The five licensed AODs for long-term weight reduction identified in this study have been approved in North America, and four of them except NB ER are available in the European markets. This scenario is probably the main reason that nearly all the included economic evaluations were conducted in countries from these regions. There was one study that was carried out in Australia, where orlistat, phentermine, and liraglutide are officially available for weight reduction. No pharmacoeconomic evidence was generated from a Chinese setting, as orlistat has been the only approved pharmaceutical option for weight reduction in China for a long time. The emerging novel drug targets for weight loss have attracted domestic pharmaceuticals and research teams. To facilitate the research and development of AODs, the Technical Guiding Principles on the Clinical Trials of Weight Management Drugs was enacted in 2021 by the Center for Drug Evaluation (CDE) of the NMPA as a move at the institutional level to combat obesity.

As modelling-based economic evaluations are relatively less time- and money-consuming, the majority of the included studies constructed a mathematical model to calculate the possible costs and health outcomes of the intervention of interest. Two evaluations were data-based ( 59 , 60 ), and one of them was a typical piggyback study alongside the phase III clinical trial on Qsymia ( 59 ). State-transition decision analytical approaches including the Markov model and microsimulation were predominantly adopted in most of the studies on the AOMs approved earlier. In these models, a manageable number of the key health states and the state transitions were structured to capture the disease progression. One of the key model assumptions found in these studies was primarily about the length of weight loss decay. Studies proved the sensitivity of effect persistence in the model by assuming either a longer or shorter course of weight regain in the sensitivity analysis than in the base case scenario ( 51 , 52 , 54 , 55 , 58 – 62 , 67 , 69 , 70 ).
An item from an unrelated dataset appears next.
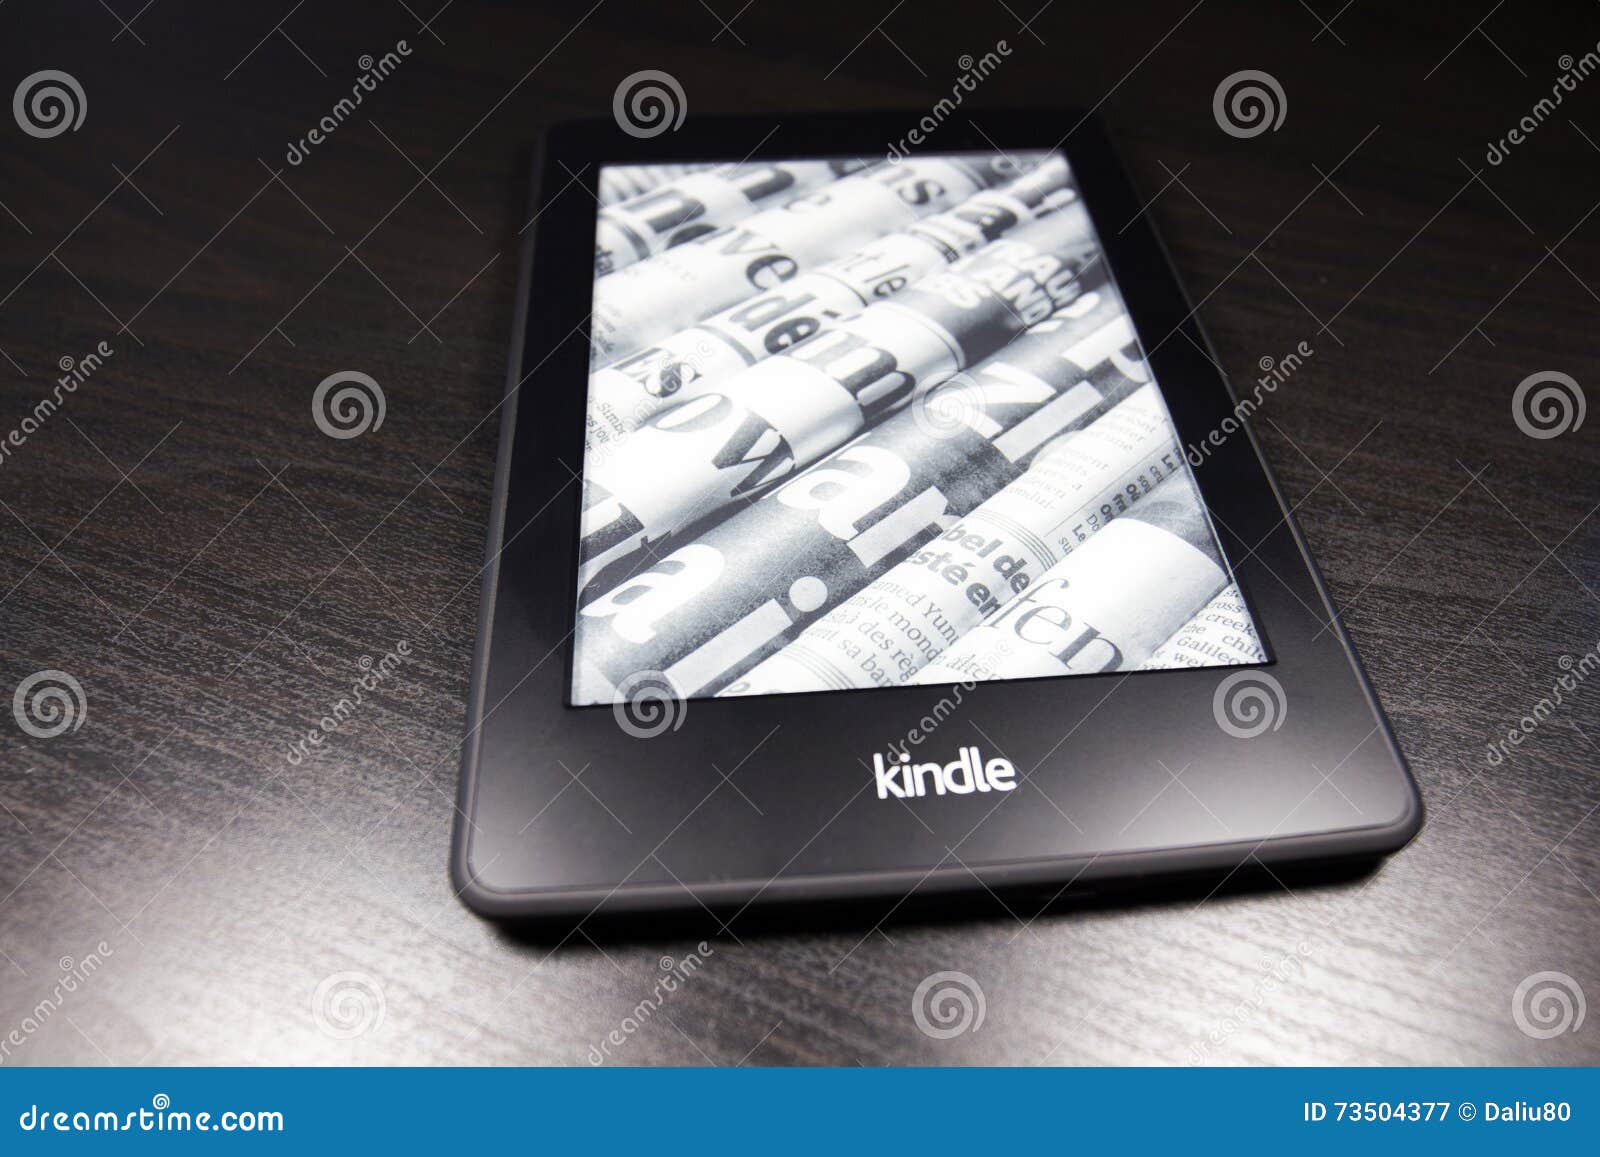 Kindle 4 trên nền đen - một sự kết hợp hoàn hảo giữa thiết kế tối giản và tính năng đặc biệt. Hãy cùng xem ảnh để khám phá nhiều tính năng và thông tin hữu ích về Kindle 4 trên nền đen nào!

Naturally, the longer the weight loss sustained after the treatment cessation, the better benefit was observed. And in the modelling of these studies, the decay process of the weight loss effect was normally assumed linearly after the treatment cessation. Moreover, adverse events associated with the pharmacologic treatments were seldom explicitly incorporated into the models in the included studies. The Core Obesity Model was the only one that was applied in different studies on the same AOM SEMA 2.4 mg ( 51 – 53 ). It also follows a Markov model structure, which aims to reflect the natural disease course in a real-world setting by incorporating a series of obesity-related comorbidities including the occurrence of pre-diabetes evidenced in literature or pivotal clinical studies ( 76 ). The uncertainty of the modelling evaluations on AODs would be mitigated to a greater extent if more solid evidence could be achieved in the understanding of the weight rebound process after the discontinuation of treatment.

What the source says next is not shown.